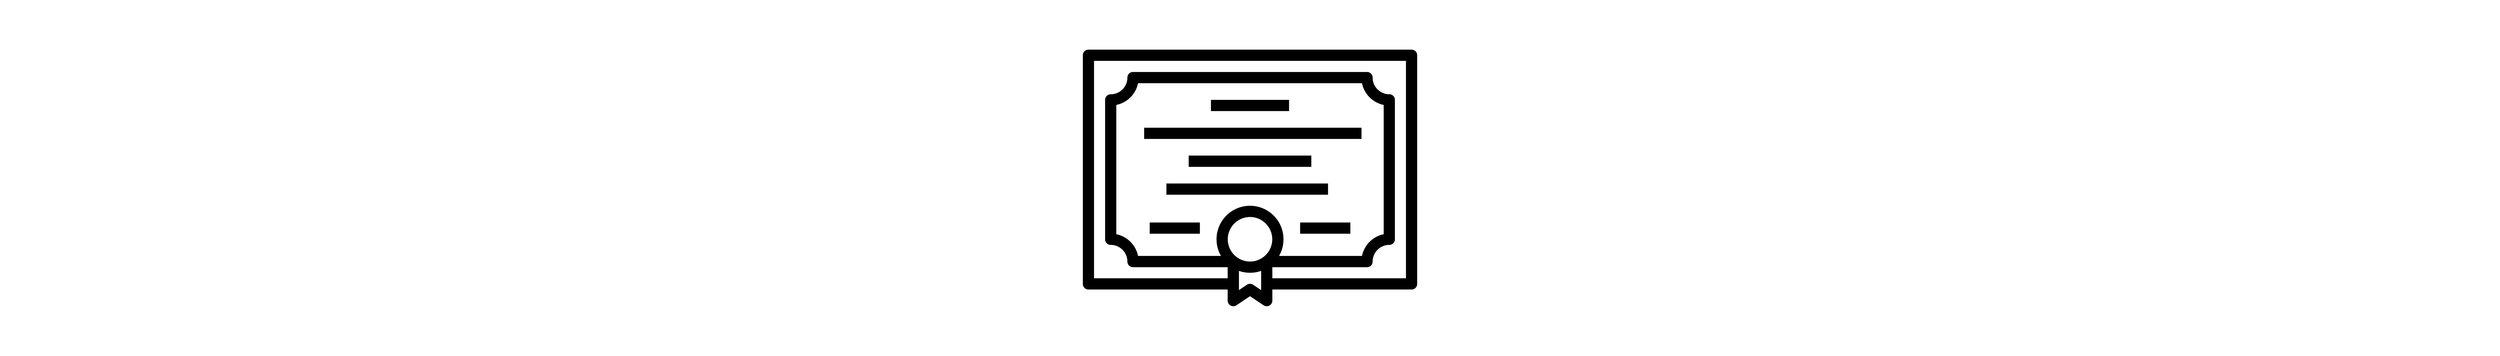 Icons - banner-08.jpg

--

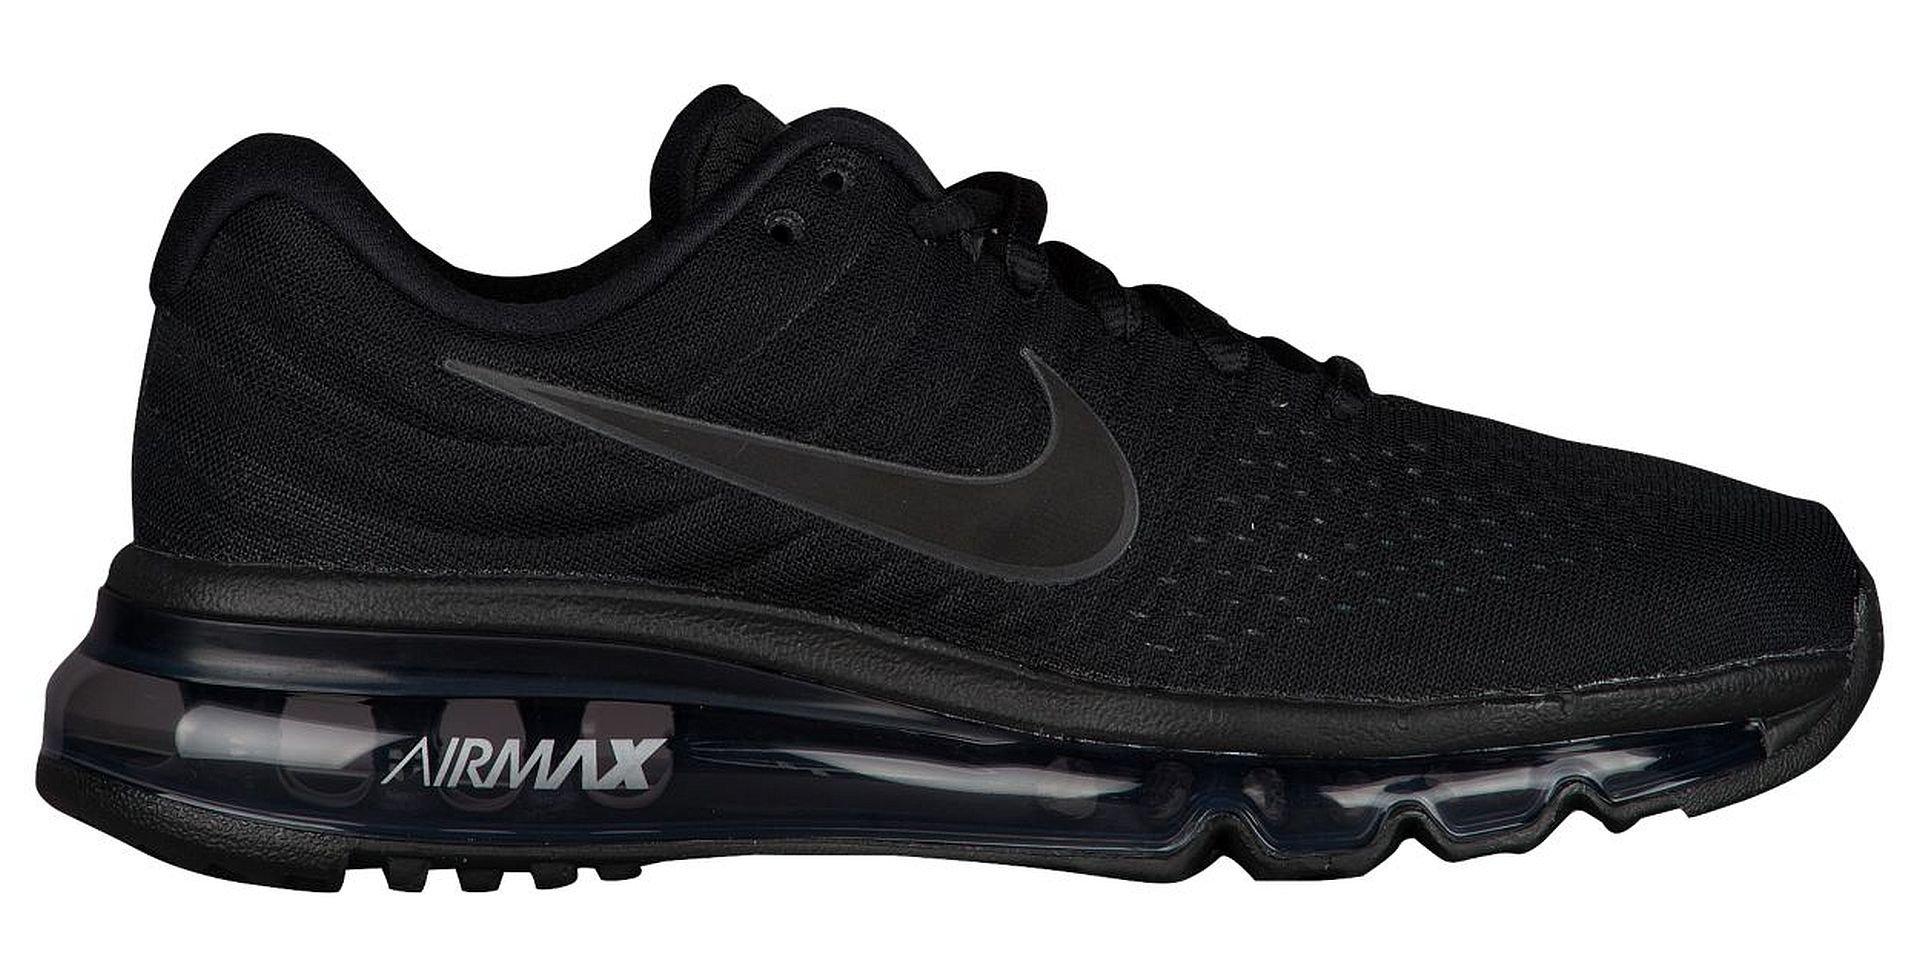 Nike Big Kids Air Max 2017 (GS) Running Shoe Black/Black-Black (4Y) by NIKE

==

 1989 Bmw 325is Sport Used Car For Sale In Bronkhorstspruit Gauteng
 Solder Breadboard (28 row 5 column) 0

→ **TASK REQUIREMENTS**: Working from the material above, retype exactly the lines from the one with "1989 Bmw 325is" through the one with "Solder Breadboard (28 row 5 column) 0", both included, and only those lines.

→ **EXERCISE RESULT**:
 1989 Bmw 325is Sport Used Car For Sale In Bronkhorstspruit Gauteng
 Solder Breadboard (28 row 5 column) 0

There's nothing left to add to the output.